▶ **Work request**:
Only the pictures are dropped; the lines of the material that follow are returned exactly.

▶ **Data excerpt**:
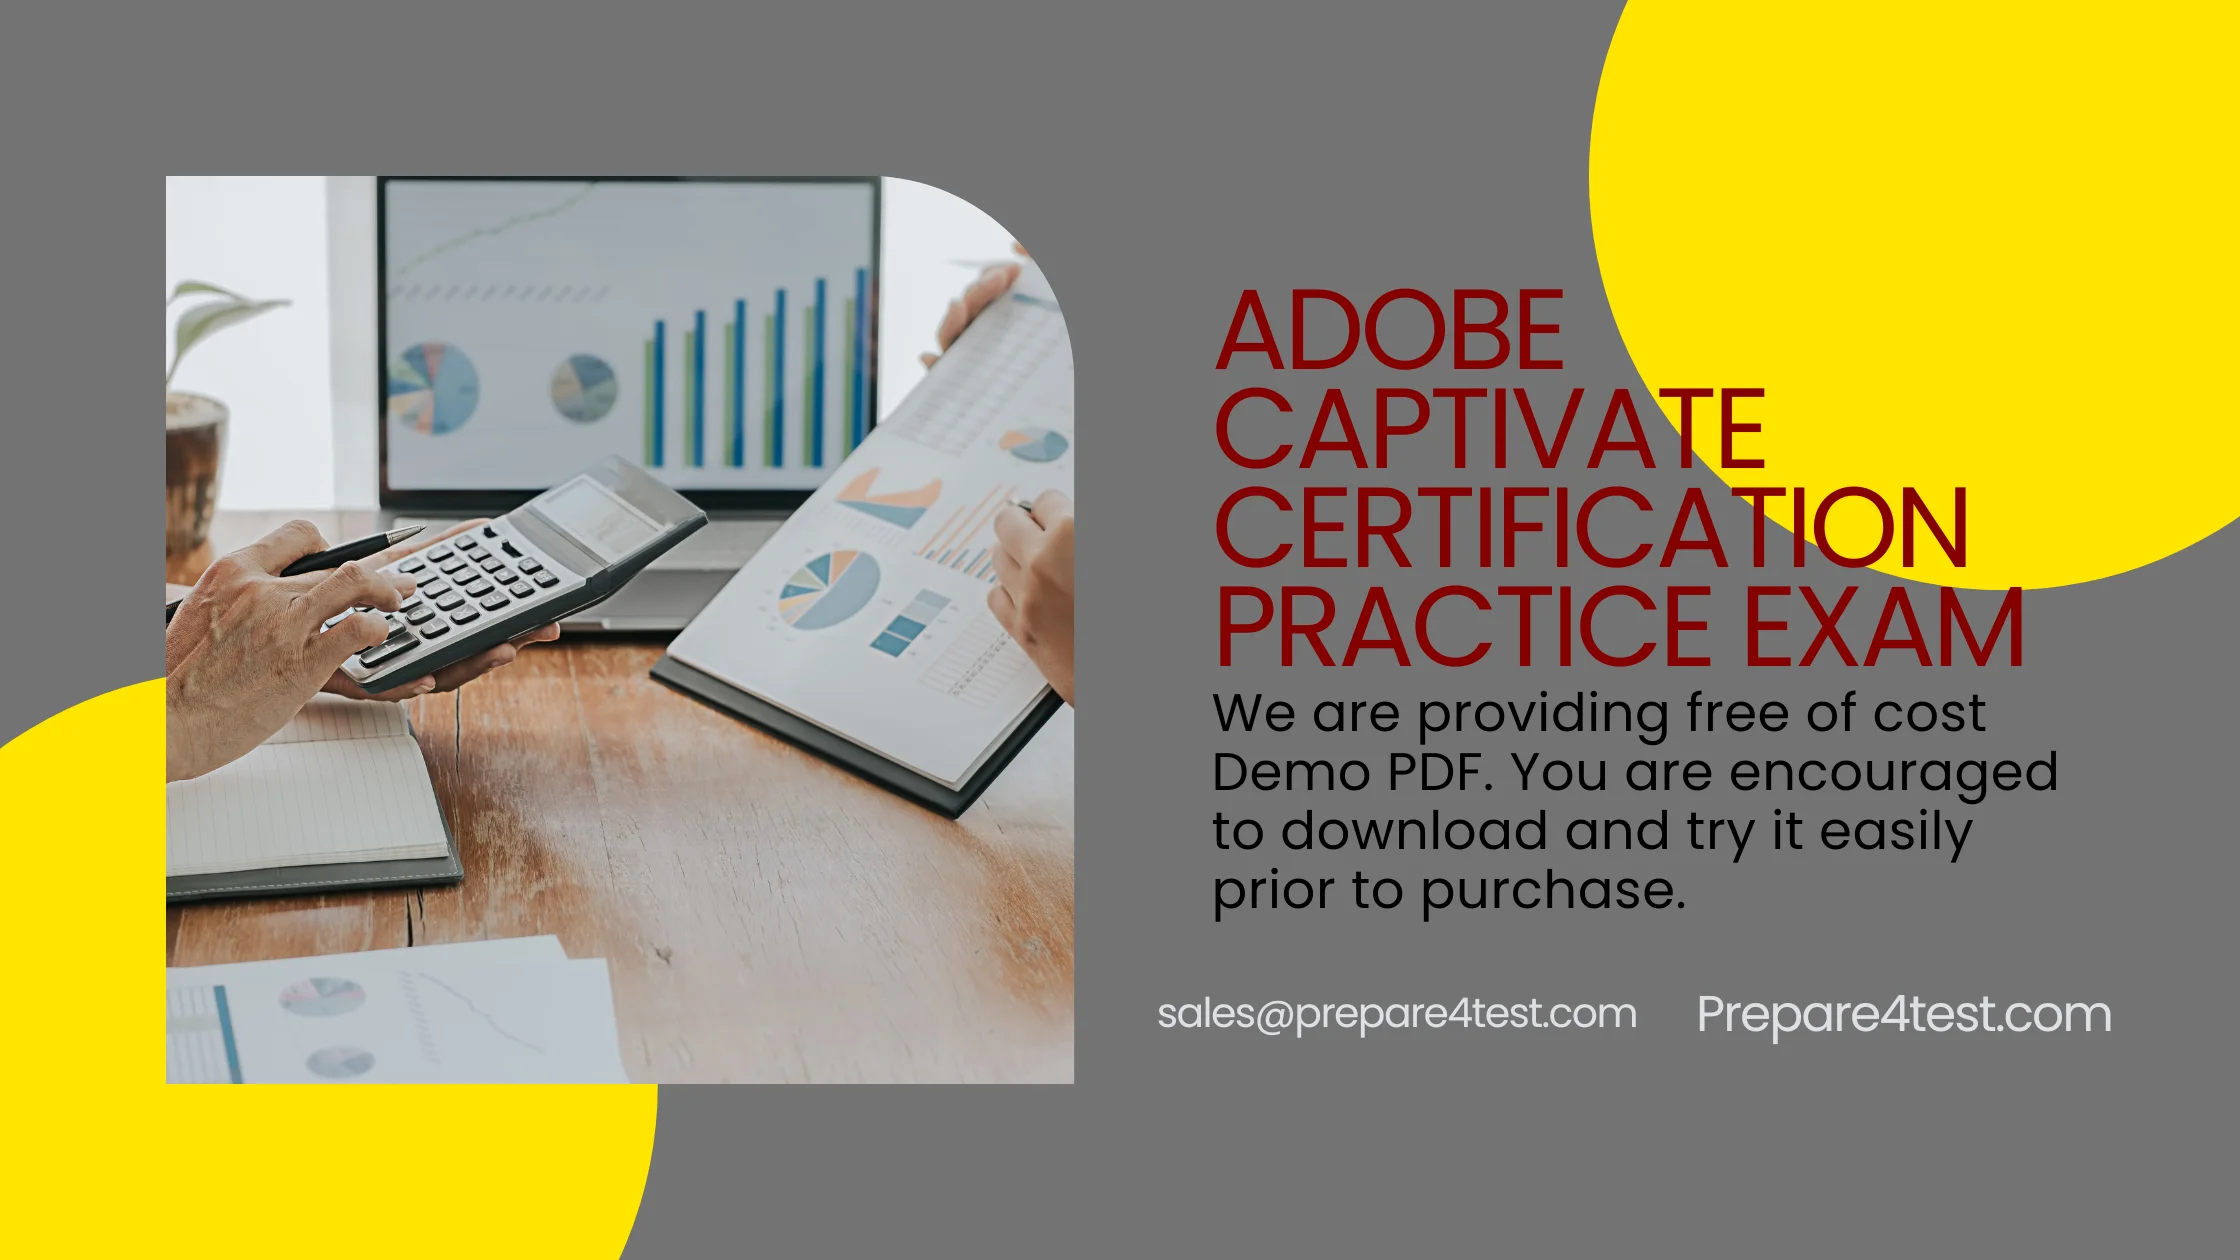 Adobe Captivate Certification Practice Exam promo
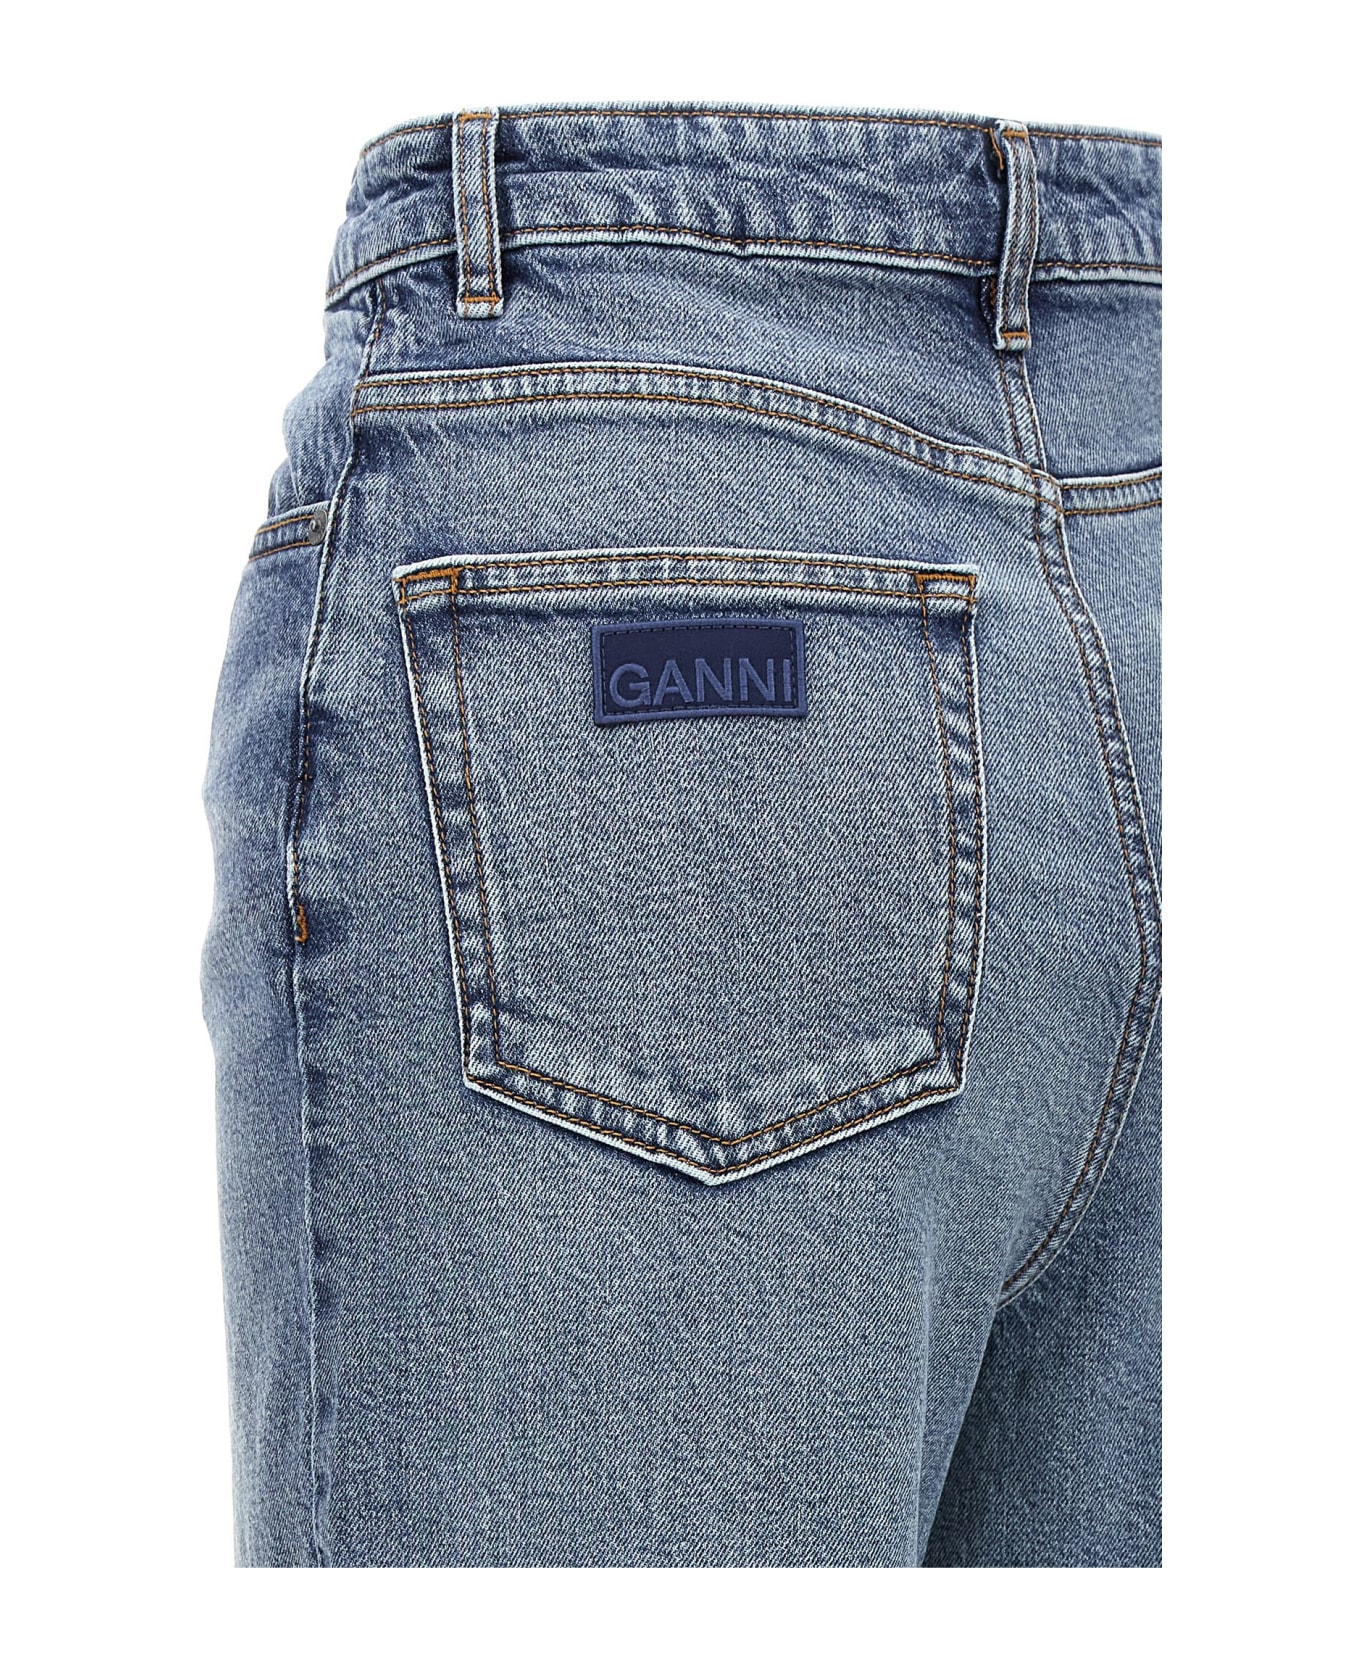 Ganni 'andi' Jeans - Blue デニム
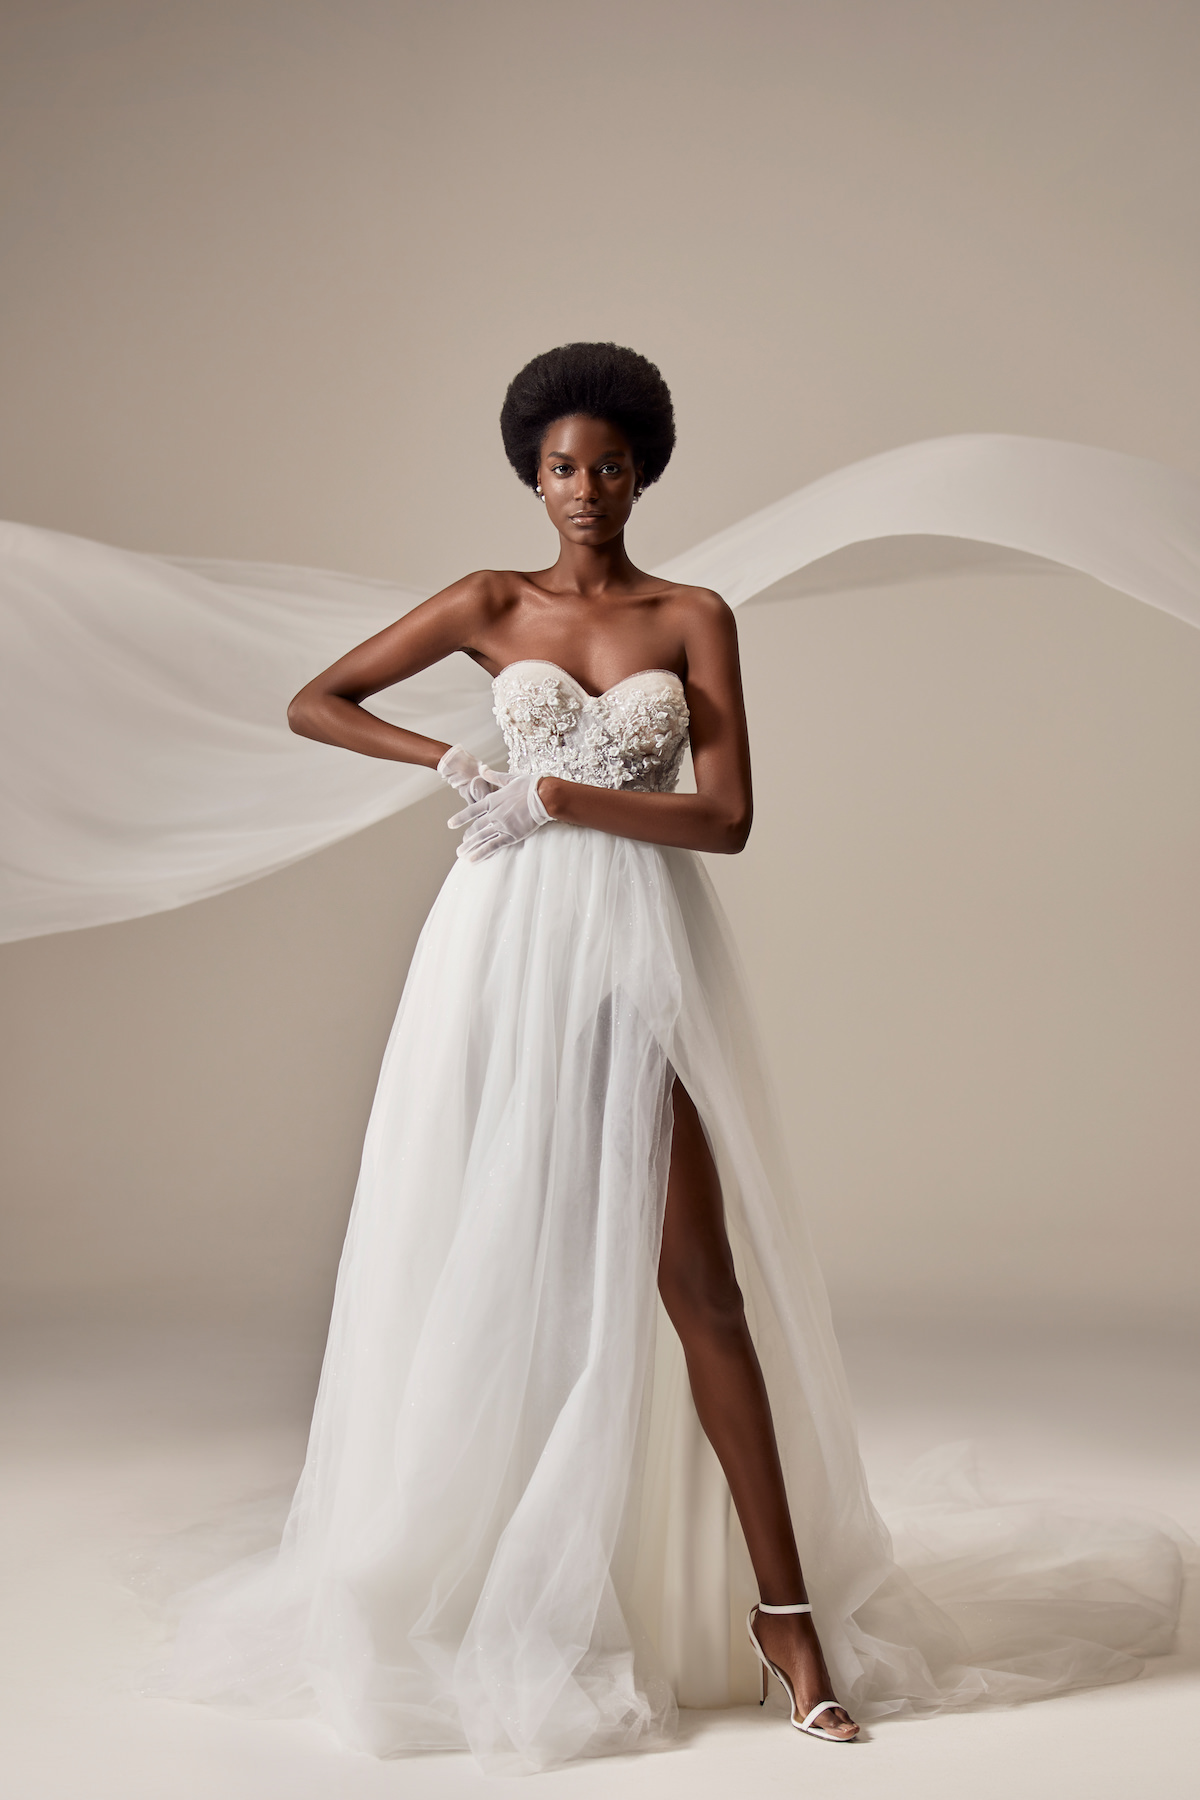 High slit Wedding Dress by Milla Nova - Charly white lace day

▶ **Result of the task**:
 Adobe Captivate Certification Practice Exam promo
 Ganni 'andi' Jeans - Blue デニム
 High slit Wedding Dress by Milla Nova - Charly white lace day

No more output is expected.